A few weeks ago, at an airport in Europe, I saw Dan Brown's Da Vinci Code staring at me across the bookstore bins. I had seen it many times before and averted my gaze, but I was facing a long delay, and I suddenly thought: May as well get it over with.

Well, of course I knew it would be bad. I just didn't know that it would be that bad. Never mind for now the breathless and witless style, or the mashed-paper characters, or the lazy, puerile reliance on incredible coincidence to flog the lame plot along. What if it was all true? What if the Nazarene had had issue, in fleshly form, with an androgynous disciple? The Catholic Church would look foolish but, then, it already looks foolish enough on the basis of the official story. "Opus Dei," according to Brown, is a sinister cult organization. Excuse me, but I already knew this, so to speak, independently.

Over the past month, I have hardly been able to open my e-mail without a flood of similarly portentous tripe concerning the "Downing Street memo(s)." This time, it is not the interior of a Templar Church but the style of a clerk in the British Foreign Office that furnishes "the key to all mythologies." A former CIA hand named Ray McGovern has challenged me to debate about the "smoking gun" contained in the Downing Street palimpsests, and I have agreed, in principle. Other correspondents have helpfully added other "smoking guns" as e-mail attachments. A man named Morgan Reynolds, a former chief economist at the Bush Labor Department and now an instructor at Texas A&M, has proof that the World Trade Center was laid low by a "controlled demolition" and not by the hijacked planes. This is a refreshing change from the Gore Vidal view that the Bush administration knowingly grounded all military aircraft in order to give the al-Qaida teams a clear shot. But perhaps both those theories are congruent: One wouldn't want to exclude any options if one were a Republican seeking to incinerate the downtown business HQ of capitalist globalization.

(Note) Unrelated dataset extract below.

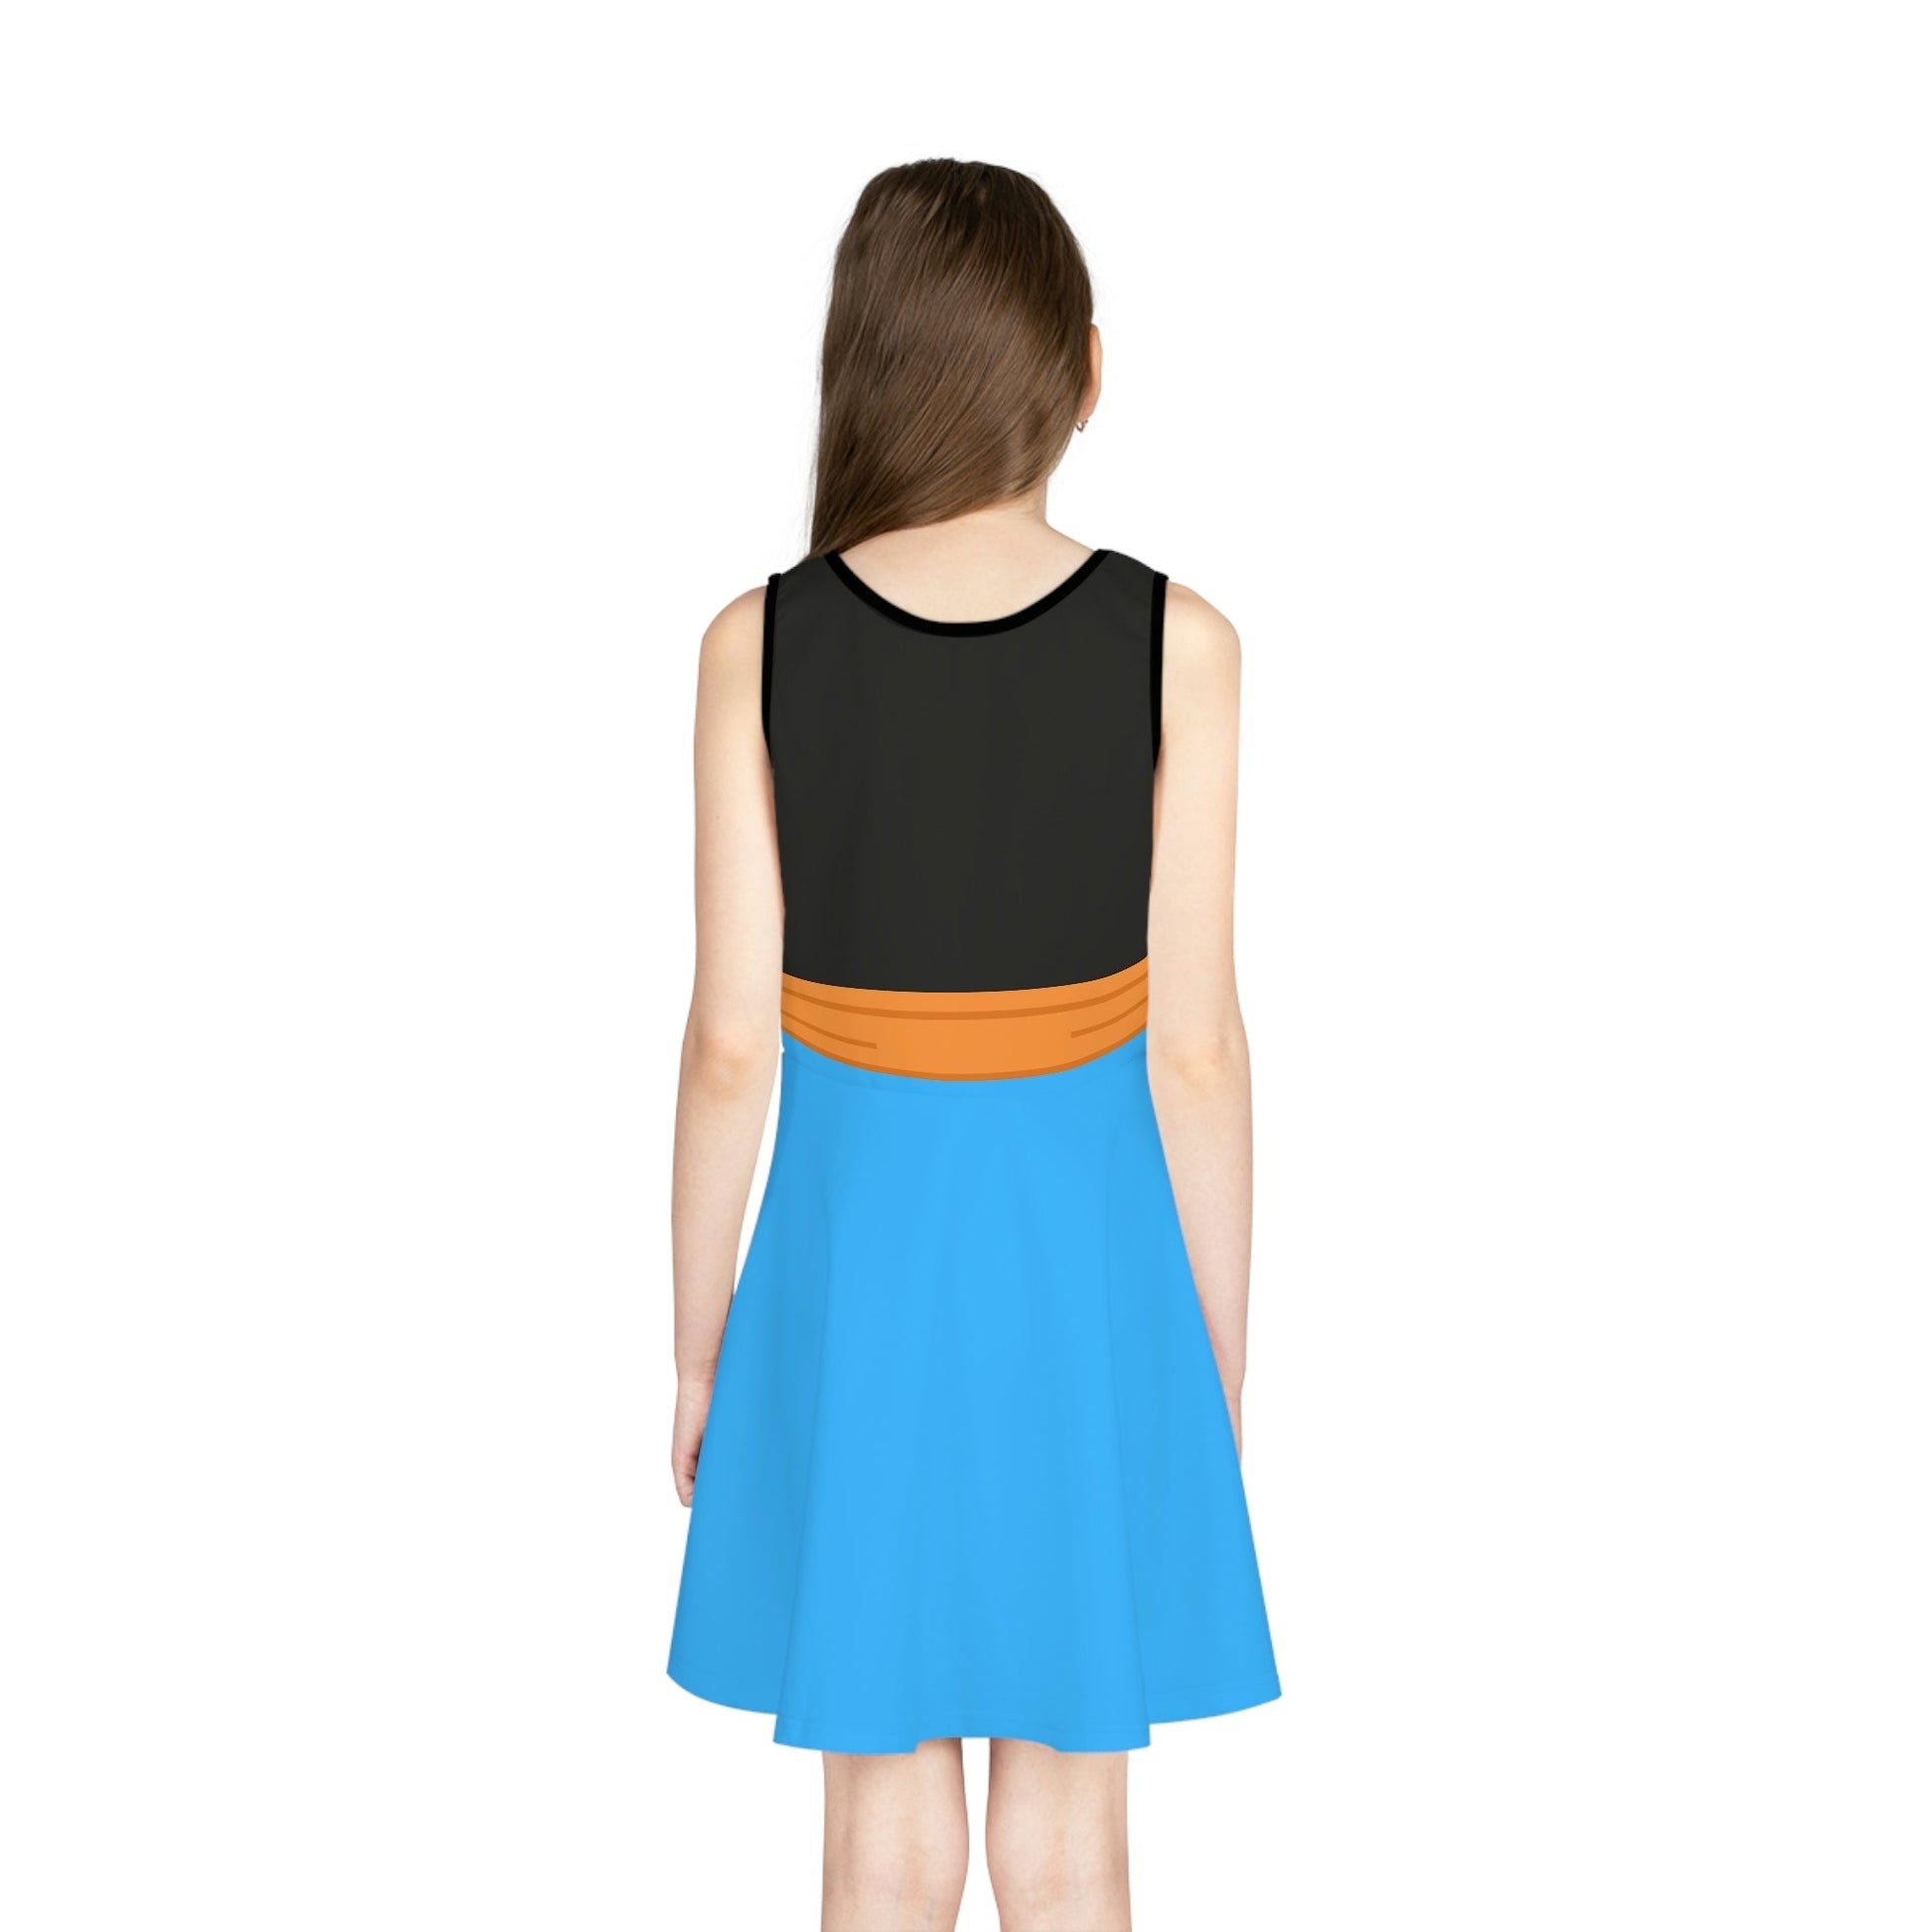 The Goof Girls' Sleeveless Sundress All Over PrintAOPAOP Clothing#tag4##tag5##tag6#

I am not one of those who uses the term "conspiracy theory" as an automatic sneer of dismissal. Conspiracies do occur. I spent a lot of my life at one point trying to show that William Casey of the Reagan-era CIA had made a private deal with the Iranian hostage-takers in 1979, inducing them to keep their prisoners until the Carter administration had been defeated, and I still firmly believe that something of the sort (which eventually culminated in the Iran-Contra underworld) was at least attempted. So do many senior members of both parties in Washington, with whom I am still in touch.

But the main Downing Street document does not introduce us to any hidden or arcane or occult knowledge. As Fred Kaplan wrote in Slate last week, it explains no mystery. As protagonist Jim Dixon observes in another context in Lucky Jim, it is remarkable for "its niggling mindlessness, its funereal parade of yawn-enforcing facts, the pseudo-light it threw upon non-problems." On a visit to Washington in the prelude to the Iraq war, some senior British officials formed the strong and correct impression that the Bush administration was bent upon an intervention. Their junior note-taker committed the literary and political solecism of saying that intelligence findings and "facts" were being "fixed" around this policy.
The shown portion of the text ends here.